RNA was isolated from ~ 1 million of each cell type using Trizol Re- agent (Invitrogen), purified using the Directzol RNA Miniprep Kit (Zymo Research), and depleted of contaminating genomic DNA using DNAse I. Purified RNA was checked for quality on a Bioanlayzer 2100 using the Nano RNA Chip and samples with RIN > 7 were used for RNA-seq library preparation. RNA samples were depleted of rRNA using QIAseq Fastselect RNA removal kit (Qiagen). Samples were then processed for the preparation of libraries using the SMARTer Stranded Total RNA Sample Prep Kit (Takara Bio USA) according to the manufacturer’s instructions. Briefly, the purified first-strand cDNA is amplified into RNA-seq libraries using SeqAmp DNA Polymerase and the Forward and the Reverse PCR Primers from the Illumina Indexing Primer Set HT for Illumina. Quality and quantity of the libraries was assessed using the Agilent 2100 Bioanalyzer system and Qubit fluorometer (Life Technologies). Sequencing of the finalized libraries was performed on the NovaSeq 6000 platform at the CHOP Center for Spatial and Functional Genomics. For analysis, TPM values of bulk RNA-seq data were calculated using the pseudo-aligner Kallisto 0.46.2 [75]. Gene level expression was calculated by combining individual TPM values. The comparison of gene expression level between those with promoters with contacts to OCRs or those lacking contacts with OCRs was performed using an unpaired two-sided Wilcoxon rank-sum test, implemented in the R function wilcox.test.

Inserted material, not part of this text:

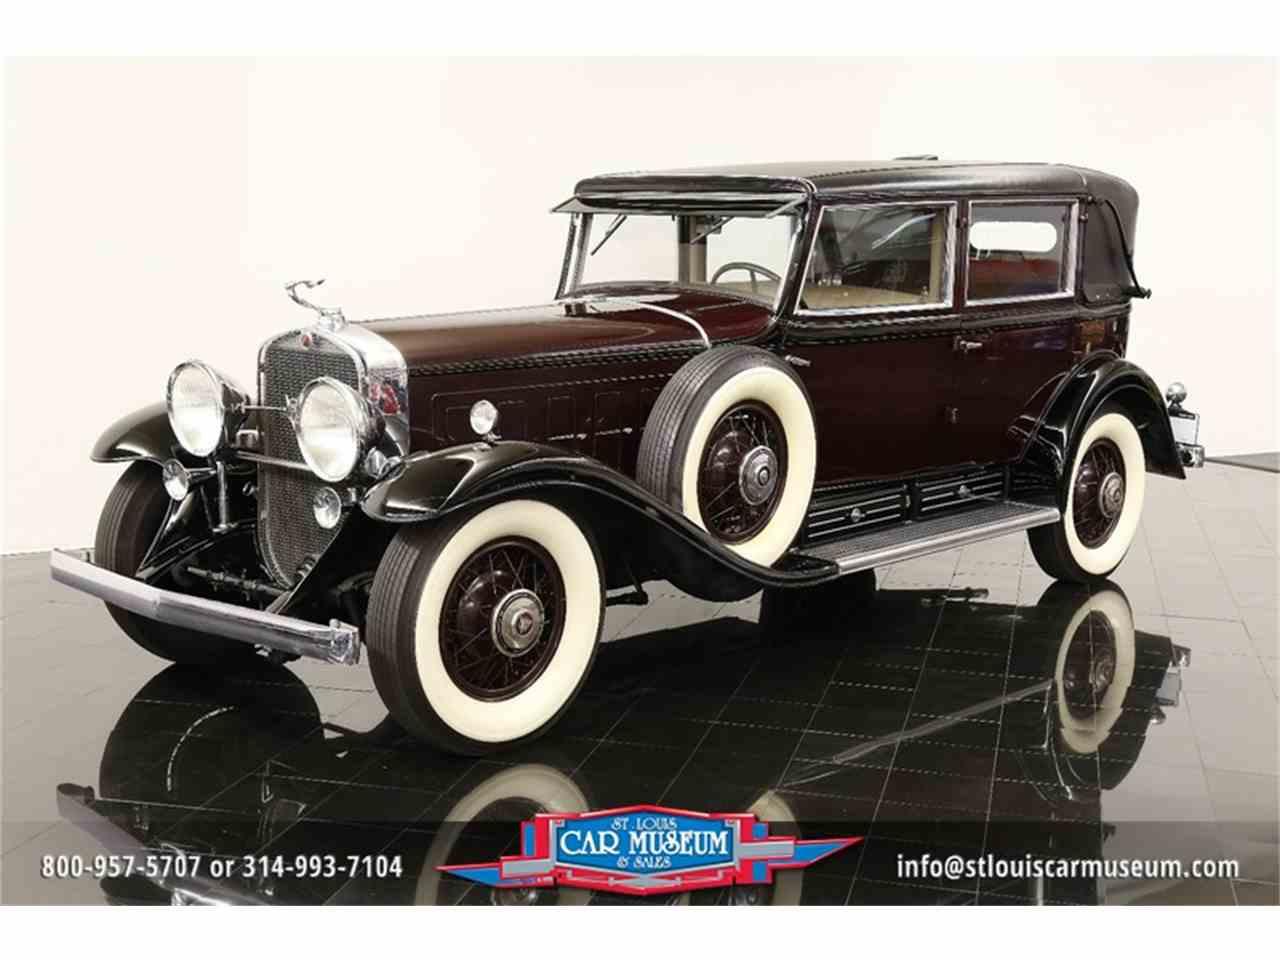 Large Picture of Classic '31 Cadillac V-16 Madam X Landau Sedan located in Missouri - $374,900.00 - JSU3

COVID-19 V2G gene integration with external RNA-seq datasets

We retrieved bulk RNA-seq fastq datasets associated with Galani et al. [33] from the Sequence Read Archive using sra-tools (SRA Toolkit Development Team; http://ncbi.github.io/sra-tools/) and plotted the log2 fold change data reported for severe or mild COVID-19 compared to the mean of 5 healthy donors. Single-end fastq files were retrieved with fastq-dump. TPM values were calculated using kallisto with the following parameters: --single -l 200 -s 20. The log2FC for the genes implicated in our immune cell types was calculated for each COVID19 patient compared. We retrieved processed data for pseudo-bulk comparisons between severe and mild COVID-19 relative to healthy donors from Zhang et al. [34].

Ingenuity pathway analysis

Ingenuity pathway analysis (IPA, QIAGEN) was used for gene ontology analysis.